学校案内
令和8年7月6日(月)に、「第1回校内授業研究会」を開催しました。研究授業は、地歴・公民科の亀井洋輝教諭による2年建築科(2A)の『歴史総合』、産業デザイン科の大岩篤貴教諭による2年産業デザイン科(2D)の『デザイン史』、電気科の平木大士教諭による1年電気科2組(1E2)の『電気回路』の三本立てです。なお、7月3日(金)に「事前説明会」を行い、3名の助言指導者をお迎えして当日5限帯の研究授業に臨みました。
〔助言指導者紹介〕
○地歴・公民 大分県立大分鶴崎高等学校 指導教諭 西 裕一郎 先生
○電気 大分県教育委員会高校教育課 指導主事 猪野 和秀 先生
○産業デザイン 大分県立芸術緑丘高校 指導教諭 首藤 宏道 先生
『歴史総合』の【本時の目標】は、「近代化と国民国家の成立が両輪で進展した時期を『長い19世紀』として捉え、その時期におけるユダヤ人の状況を学ぶことで、近代国民国家の性質を多角的に捉える視点を獲得する」でした。「皆さんは何に(どこに)所属していますか」という身近な問いを端緒に、ユダヤ人が翻弄された理由を考えるところまで、亀井教諭は考察を促す問いを与え続け、アクティブかつ探究的な学習をさせていました。ペアワークに加え、自由にグループを作って討議させるなど、見どころが多い授業展開でした。

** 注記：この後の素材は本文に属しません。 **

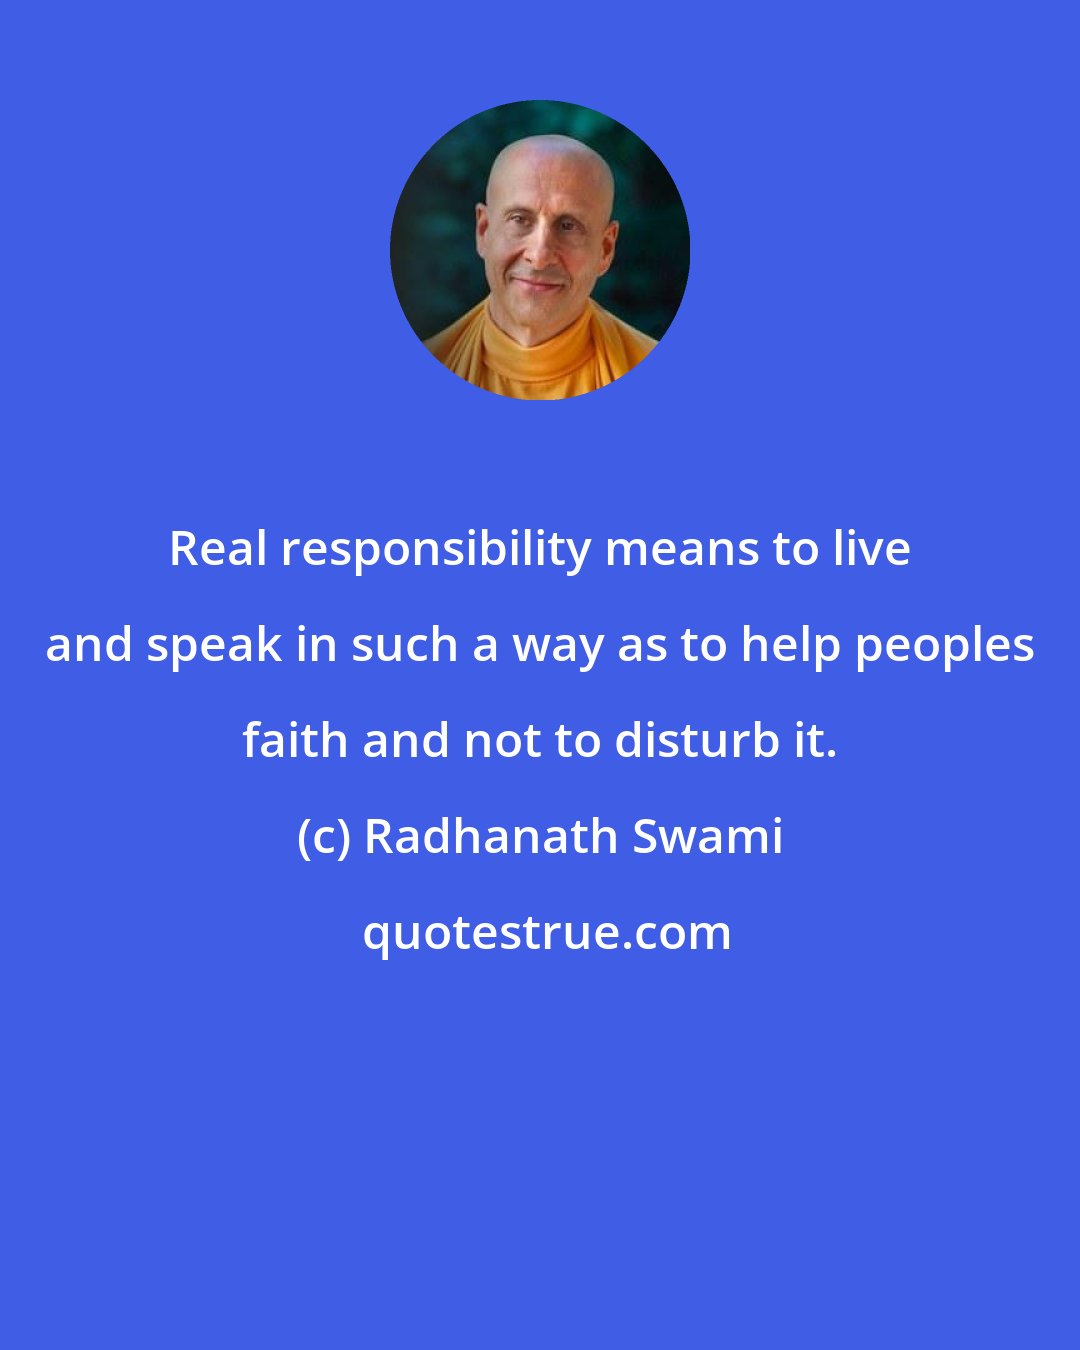 Radhanath Swami: Real responsibility means to live and speak in such a way as to help peoples faith and not to disturb it.

『デザイン史』の【本時の目標】は、「古代ギリシャの『美』の基準について考えよう」であり、古代ギリシャにおける美の基準と黄金比を理解するという学習内容でした。まず、事前課題の「自分が好きなデザイン」をグループ内で共有しました。その際、大岩教諭がこだわっていたのは、好きな理由を「なんとなく好き」ではなく、『言語化させる』ということでした。理由を添えて書いたり発言したりする言語活動は、3年時の面接試験や小論文試験にも役立ちます。大岩教諭のスライドが、美しく芸術的であったことも印象的でした。



『電気回路』の【本時の目標】は、「ブリッジ回路の平衡条件が、実際の実験で成り立つことを確かめ、回路の特性を理解できる」でした。ブリッジ回路の計算についての前時の振り返りに続き、グループごとに可変抵抗器等を用いた実験を行わせました。平木教諭の授業プリントやスライドには「予想」という言葉が何度も登場し、結果の予想を立てたうえで実験を行わせ、自分の目で確かめさせるという「探究的な学び」に通じる指導法でした。また、平木教諭が担任を務めるクラスにつき、生徒との信頼関係の構築も見て取れました。



3人の授業者とも、旧来的な講義調、一方向的な授業ではなく、授業者と生徒、そして生徒相互が協働する授業形態であり、以下の共通点を感じました。
① 授業者と生徒とが一体となり、目標に向かって創造する授業
② ペアやグループワークによる協働的な学びを主軸とする授業
③ 探究的な活動を通して主体的・対話的で深い学びに至る授業
授業後の「事後検討会」では、活発に意見交換、討議がなされ、大いに有益な時間となりました。「第1回校内授業研究会」の学びを範として、本校の全授業者がこれからも主体的に【授業改善】に取り組み、「(生徒が)わかる授業」を実践することを期待しています。